Title: Even greater depth
Post by: Dinkydau on October 25, 2014, 10:56:49 PM
Botond Kosa, do you think the maximum zoom depth can be increased even further without drastic loss of speed?


Title: Re: Even greater depth
Post by: Botond Kósa on October 26, 2014, 08:01:54 AM
Yes, unlimited zoom depth will be included in one of the upcoming versions.


Title: Re: Even greater depth
Post by: Botond Kósa on October 26, 2014, 12:11:27 PM
The speed reduction won't be drastic. The time to compute the reference orbit is proportional to zoom depth squared, but the perturbation calculations are almost independent of zoom depth.


Title: Re: Even greater depth
Post by: Dinkydau on October 27, 2014, 12:32:45 PM
Nice

The reference points are going to be the limiting factor in zooming, by far. I'm considering to try to sell my 32-core computer and get a simpler one with best as possible single-threaded performance.


Title: Re: Even greater depth
Post by: Botond Kósa on October 27, 2014, 01:57:35 PM
I have some plans to speed up reference calculation:

1. Currently each reference is calculated twice: first to determine the length of the orbit (to know how much RAM to allocate), and a second run to actually save the orbit and calculate the series approximation coefficients. These could easily be done in a single pass, resulting in a speedup close to 2x. I will have to migrate the SA initialization code from Java to C++/ASM.
2. At great zoom depths it may be feasible to calculate each full-precision iteration on multiple threads, as KFR already does. Each iteration consists of three squares and several additions, of which the squares are independent and could be done concurrently.
3. At even greater zoom depths asymptotically faster multiplication algorithms like Karatsuba or Toom-Cook could be used. (See http://en.wikipedia.org/wiki/Multiplication_algorithm#Fast_multiplication_algorithms_for_large_inputs (http://en.wikipedia.org/wiki/Multiplication_algorithm#Fast_multiplication_algorithms_for_large_inputs))

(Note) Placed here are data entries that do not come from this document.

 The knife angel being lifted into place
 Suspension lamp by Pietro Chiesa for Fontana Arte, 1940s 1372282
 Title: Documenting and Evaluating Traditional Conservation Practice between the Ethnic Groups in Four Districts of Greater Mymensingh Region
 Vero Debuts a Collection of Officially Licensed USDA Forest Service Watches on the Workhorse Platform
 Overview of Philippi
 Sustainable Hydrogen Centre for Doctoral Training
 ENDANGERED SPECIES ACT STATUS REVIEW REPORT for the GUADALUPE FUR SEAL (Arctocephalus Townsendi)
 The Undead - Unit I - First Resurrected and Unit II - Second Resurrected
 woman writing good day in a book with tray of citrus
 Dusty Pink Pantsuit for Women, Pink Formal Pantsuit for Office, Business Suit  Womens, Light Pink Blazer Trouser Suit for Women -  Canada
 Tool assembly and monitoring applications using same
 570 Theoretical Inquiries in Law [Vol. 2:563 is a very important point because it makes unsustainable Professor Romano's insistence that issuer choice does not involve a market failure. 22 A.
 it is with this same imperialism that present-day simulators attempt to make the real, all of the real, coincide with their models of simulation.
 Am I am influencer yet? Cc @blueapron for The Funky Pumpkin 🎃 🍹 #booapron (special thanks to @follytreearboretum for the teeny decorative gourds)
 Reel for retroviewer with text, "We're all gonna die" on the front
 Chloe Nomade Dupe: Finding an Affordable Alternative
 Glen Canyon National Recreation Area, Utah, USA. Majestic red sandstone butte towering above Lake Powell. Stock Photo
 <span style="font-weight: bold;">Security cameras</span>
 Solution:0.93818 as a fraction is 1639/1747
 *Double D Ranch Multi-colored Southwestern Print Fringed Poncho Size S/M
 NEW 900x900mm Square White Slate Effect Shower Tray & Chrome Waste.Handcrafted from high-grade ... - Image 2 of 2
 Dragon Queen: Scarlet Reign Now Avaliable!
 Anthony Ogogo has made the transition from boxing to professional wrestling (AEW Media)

I plan to implement #1 in the near future and #2 a little later. Fast multiplications need further investigation to be applied to fractal calculations with fixed point numbers.


Title: Re: Even greater depth
Post by: Botond Kósa on November 17, 2014, 01:54:16 AM
The reference points are going to be the limiting factor in zooming, by far. I'm considering to try to sell my 32-core computer and get a simpler one with best as possible single-threaded performance.

Check out MM version 1.3.6, it calculates references up to 80% faster.


Title: Re: Even greater depth
Post by: Dinkydau on November 17, 2014, 12:20:10 PM
That's nice. Does it now compute the references only once?


Title: Re: Even greater depth
Post by: Botond Kósa on November 17, 2014, 01:06:43 PM
That's nice. Does it now compute the references only once?

Yes. The speed improvement doesn't reach 2x because the eliminated run was the quicker of the two: it was only used to obtain the length of the reference orbit, and the other, still performed run also saved the orbit values. When I originally wrote that part of code I didn't foresee that reference calculation would become a major bottleneck at great depths.